# Difficult complex number question

• August 13th 2010, 04:44 AM
Glitch
Difficult complex number question
The question:
Let $z = (1 + \sqrt{3} i)$ and w = (1 + i). Find Arg(z) and Arg(w) and hence Arg(zw). Evaluate zw and hence show that $cos\frac{7\pi}{12} = \frac{1 - \sqrt{3}}{2\sqrt{2}}$. Find a similar expression for $sin \frac{7\pi}{12}$

I found:
Arg(z) = $\frac{\pi}{3}$
Arg(w) = $\frac{\pi}{4}$
Arg(zw) = $\frac{\pi}{12}$
zw = $2\sqrt{2}e^{i\frac{\pi}{12}}$

The last bit of the question is giving me trouble.
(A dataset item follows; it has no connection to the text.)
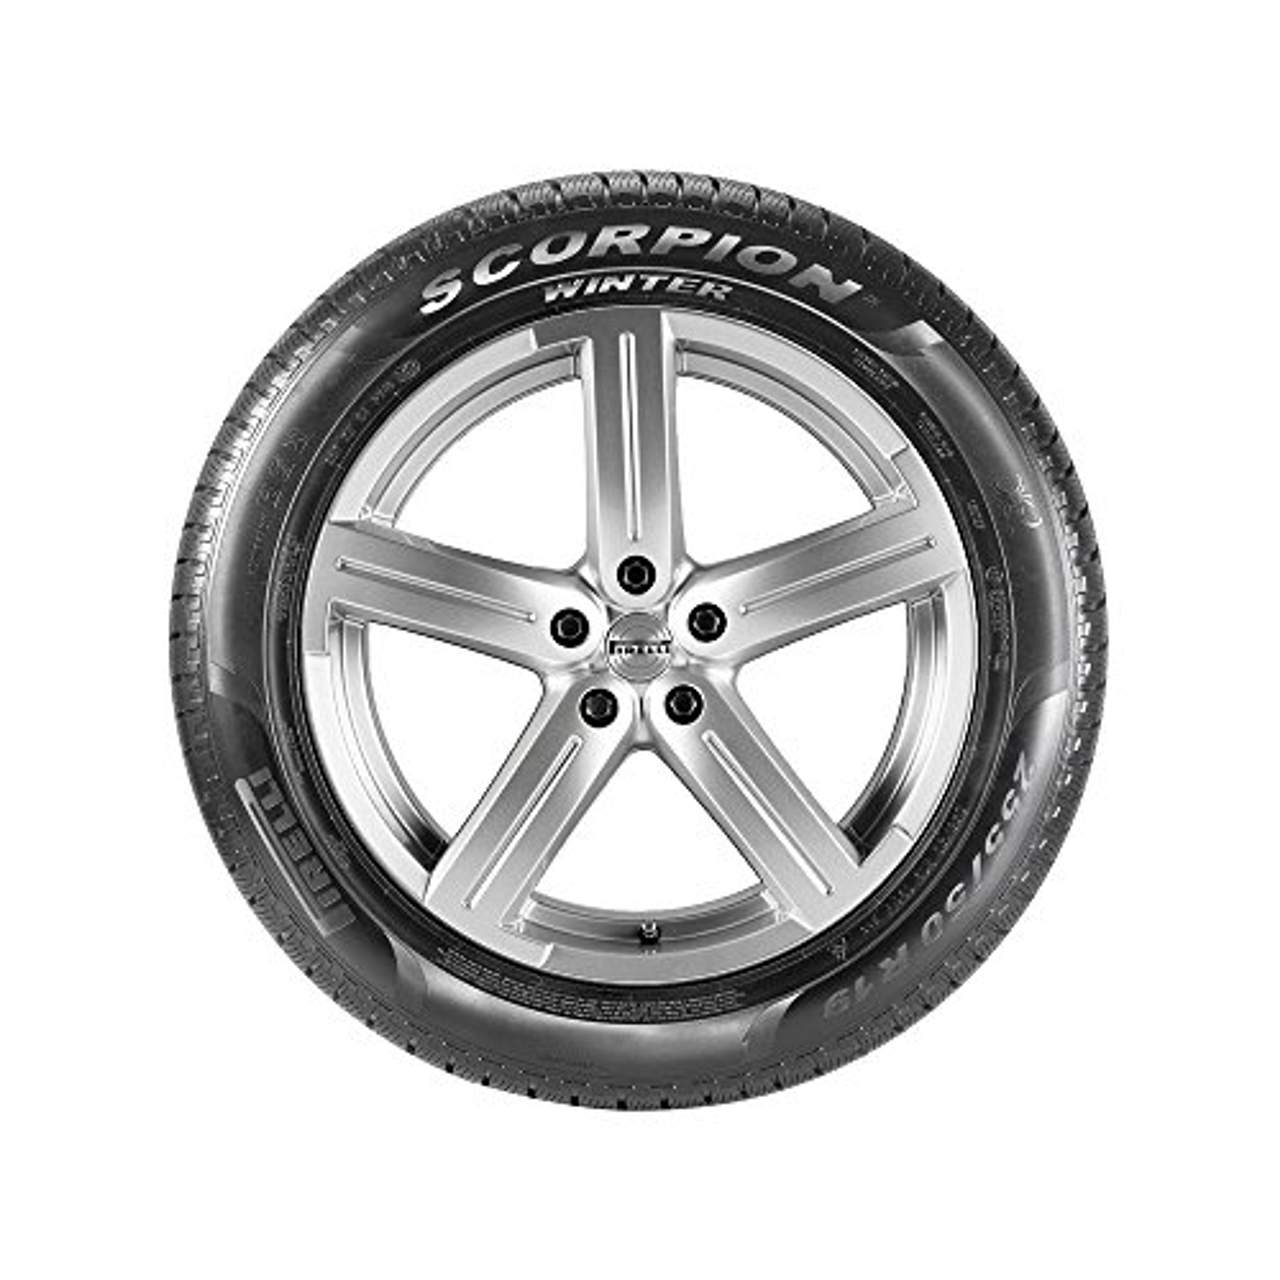 Pirelli SCORPION WINTER 255/55 R18

I tried using de Moivre's theorem as follows:

$(2\sqrt{2}e^{i\frac{\pi}{12}})^7$
$(2\sqrt{2})^7e^{i\frac{7\pi}{12}}$

This gives me the argument I want. But I'm unsure of how to solve this. Changing it to sin/cos form (not sure of the proper name for it) seems to be the way to go, but I'm still stumped:

$(2\sqrt{2})^7(cos(\frac{7\pi}{12}) + isin(\frac{7\pi}{12}))$

Any assistance would be great!
• August 13th 2010, 04:55 AM
Ackbeet
I agree with arg(z) and arg(w). However, I don't agree with your arg(zw). How do arguments behave under multiplication?
• August 13th 2010, 04:59 AM
Glitch
Oh whoops, that should be 7Pi/12.

I guess that makes zw:

$2\sqrt{2}e^{i\frac{7\pi}{12}}$

I'm still not sure how to solve it though.
• August 13th 2010, 05:01 AM
Ackbeet
Try multiplying zw in both the polar form and the rectangular form, and then setting them equal. What does that give you?
• August 13th 2010, 05:13 AM
Glitch
Ahh! Got it! Thank you very much. :)

This is what I did, for anyone that's looking on:

zw = $(1-\sqrt{3}) + i(1 + \sqrt{3})$ (rectangular form)
zw = $2\sqrt{2}(cos(\frac{7\pi}{12}) + isin(\frac{7\pi}{12}))$

Equating real parts:
$2\sqrt{2}(cos(\frac{7\pi}{12})) = 1-\sqrt{3}$
Therefore,
$cos\frac{7\pi}{12} = \frac{1 - \sqrt{3}}{2\sqrt{2}}$
• August 13th 2010, 05:14 AM
Ackbeet
Looks good to me. You're very welcome.